For Asante, on the other hand, the lack of any institutional investment meant he had to find other means to launch his business.

“Laceup was started with about $4,000 which was money my partner and I put in at that time to purchase a few things. This was money I had saved from my previous work as a web designer. And my partner fielded the other half of it. It wasn’t that much in the beginning and we decided to build on that and make a lot of sacrifices in terms of the income coming in and how we could put it back in the business and make the company bigger. That is what helped us grow to the level we are now,” says Asante.

Both Ayayee and Asante charge anywhere from $1,000 upwards depending on the packages they offer.

“I didn’t start to be priced affordably because I was a mother of three and I had a limited amount of time. I felt like I had a very unparalleled skill-set which I translated into the cost I wished to receive for my work,” says Ayayee.

The biggest hurdle in the photography business, according to Asante, is access to quality equipment.

“All the equipment we use is imported. Every single one of them; even the backdrop paper we use for photography and that is difficult. We don’t even have servicing companies here so if cameras or equipment break down, you have to send it back to the UK and that was one of the biggest challenges we had in the beginning.”

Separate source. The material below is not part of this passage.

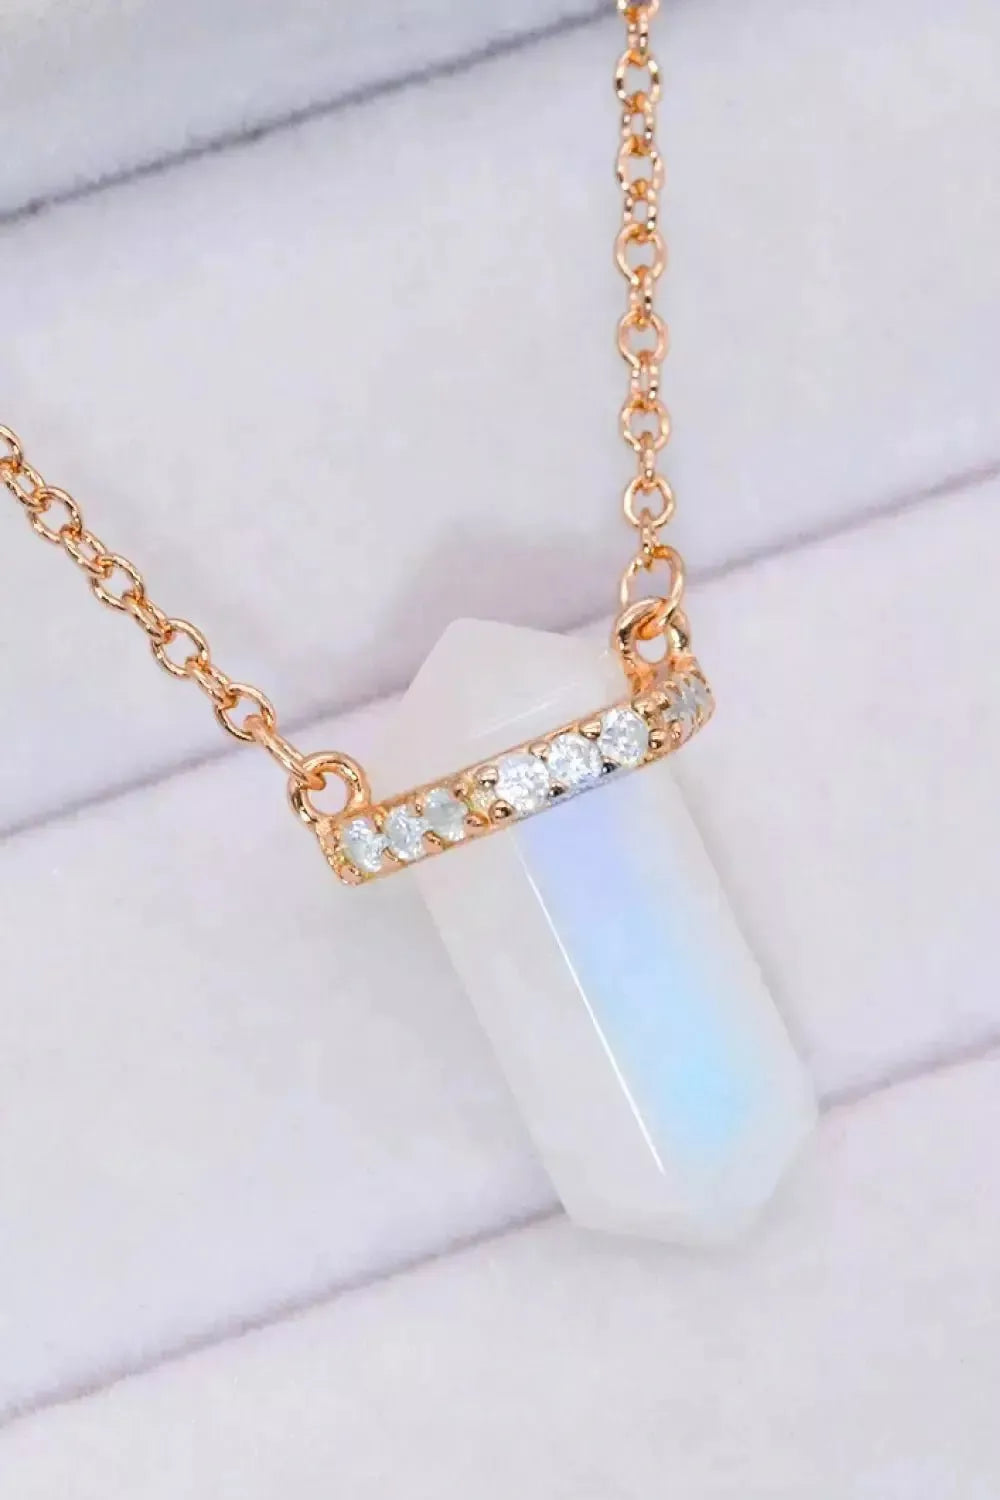 Natural Moonstone Chain-Link Necklace - Godiva Oya Bey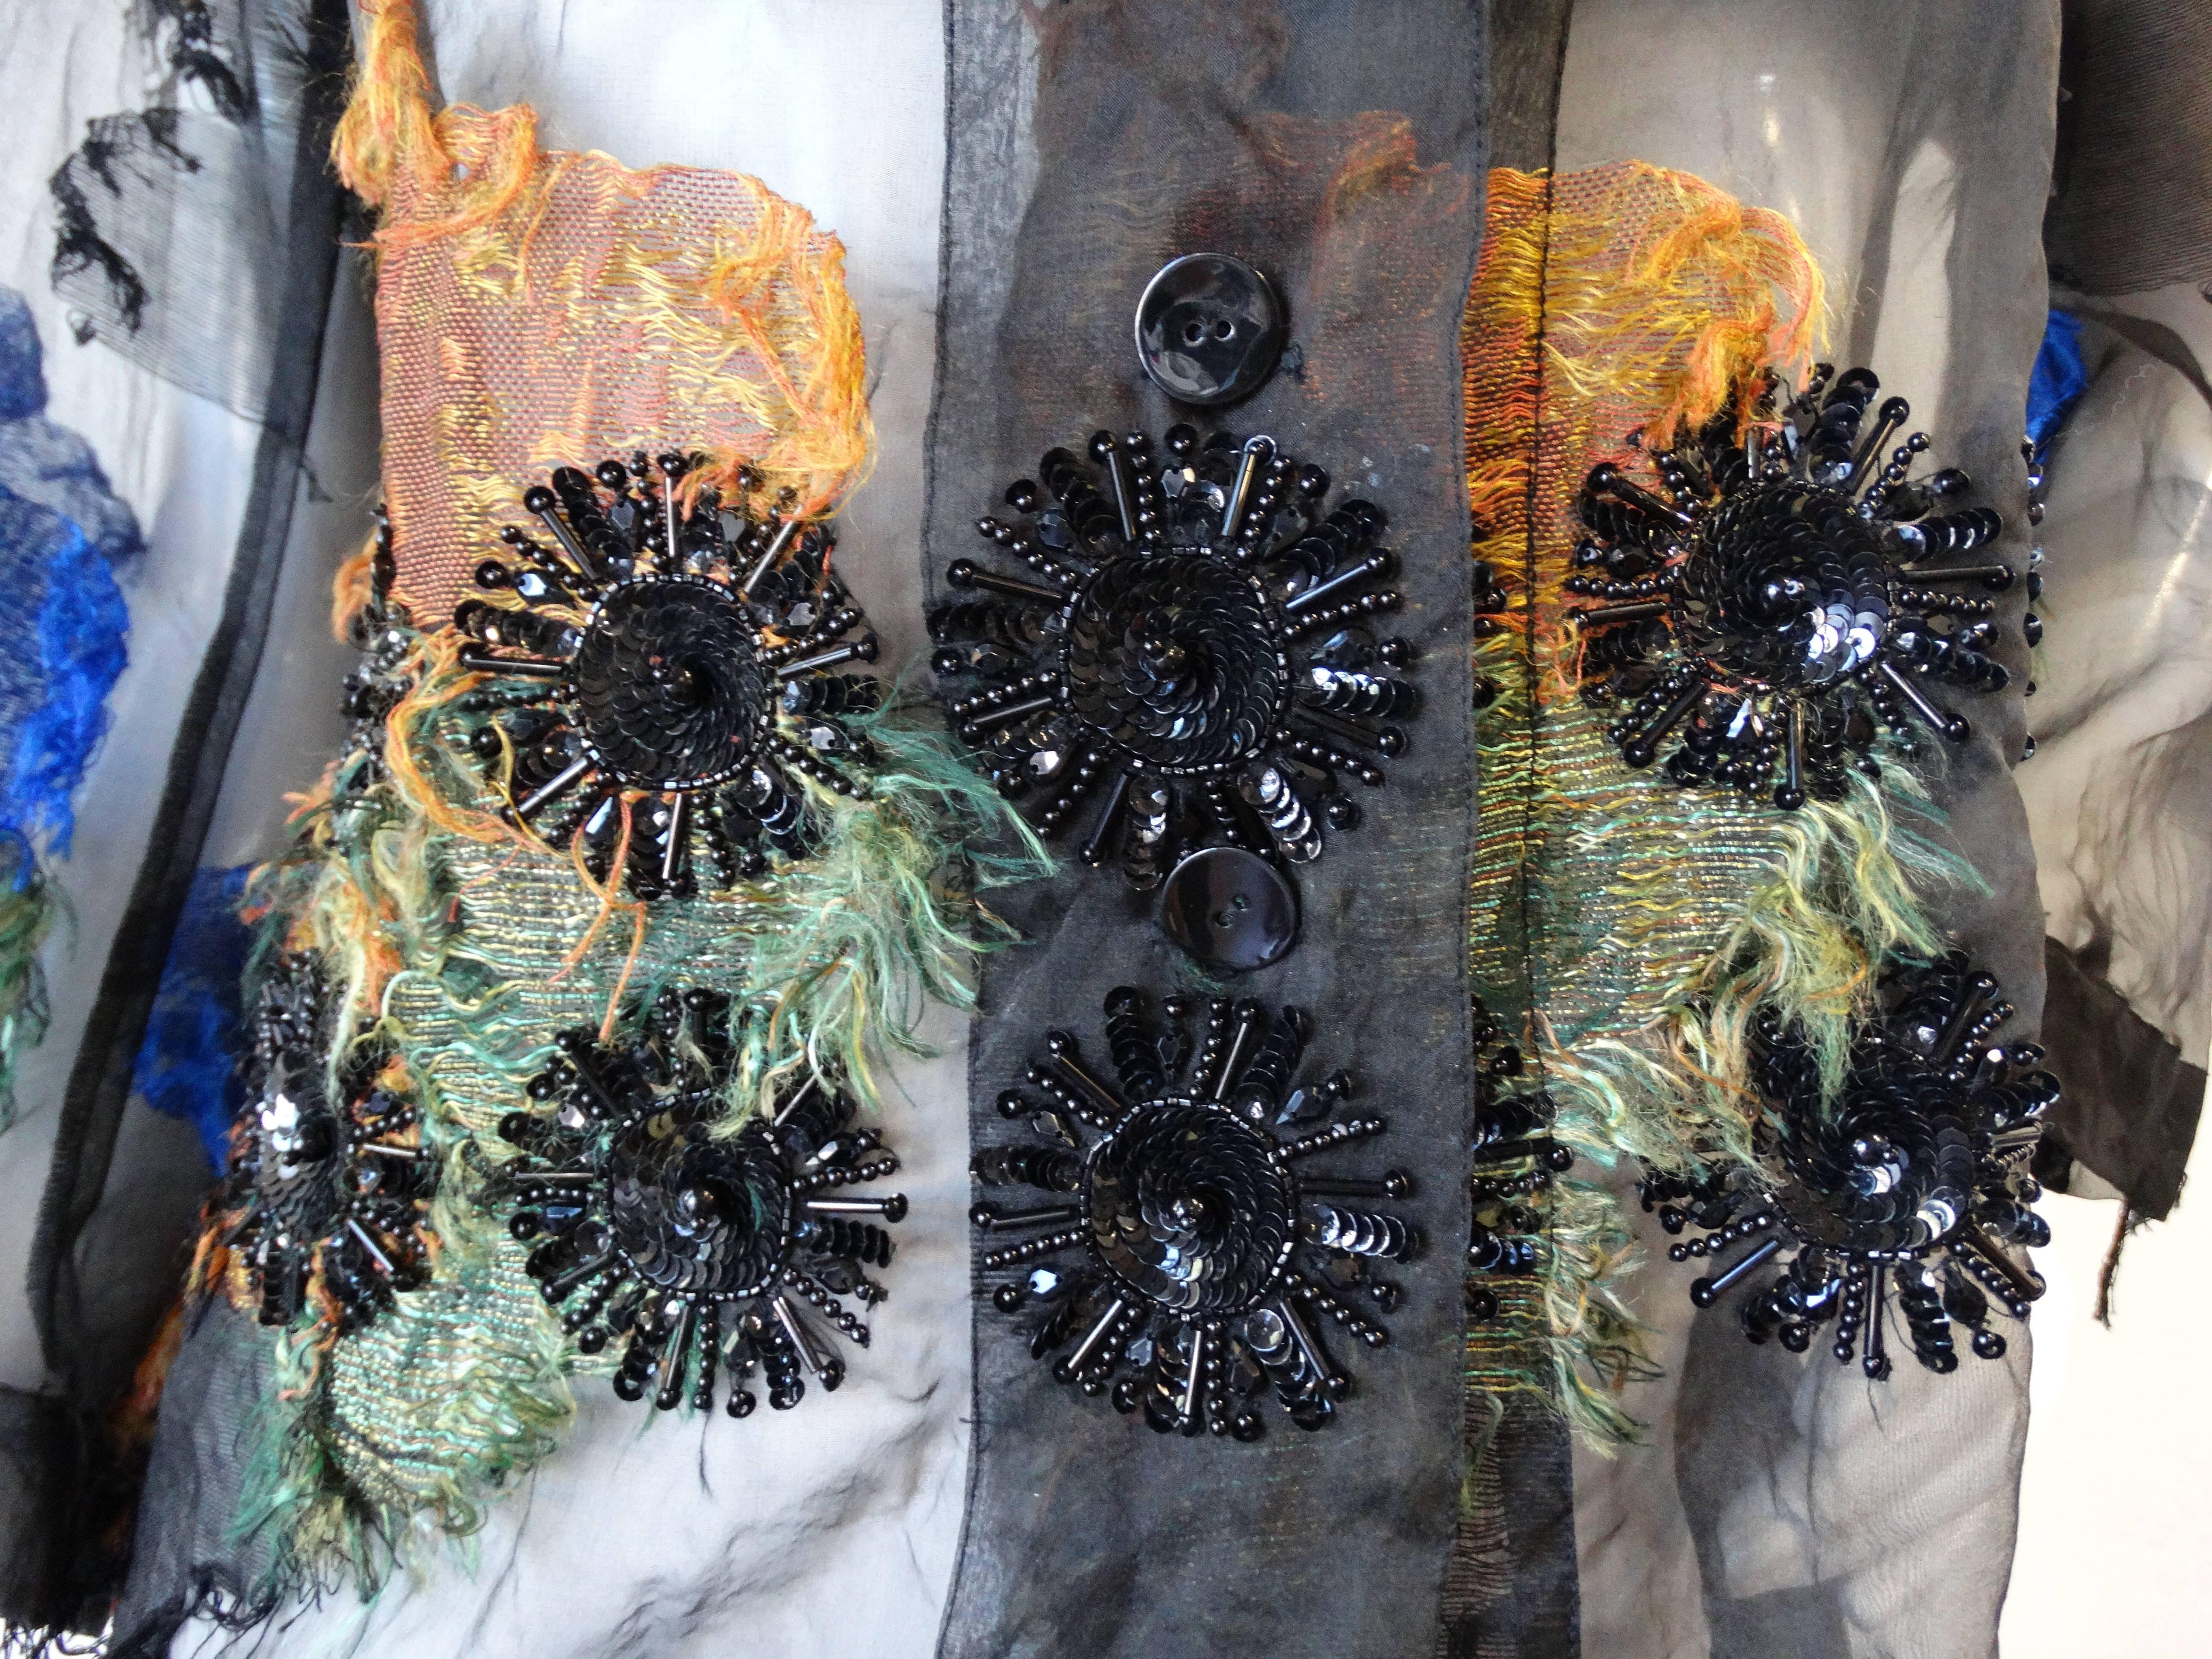 Don't miss out on this amazing Dries Van Noten embellished blouse! Made of a sexy sheer black fabric with patches of blue, green and orange embroidery, each with various distressing texture. Two rows of mandalas of black floral-like beading around

These are just some of the early-stage lessons they can impart to younger aspirants in the country. Zion Market Research estimated the global demand for digital photography at around $77.6 billion in 2015, projected to reach $110.8 billion by this year, and with so many young starry-eyed hopefuls still looking to make ends meet in Ghana, at least they have emerging role models who have looked through a more creative lens and proven that clicks can convert to cash.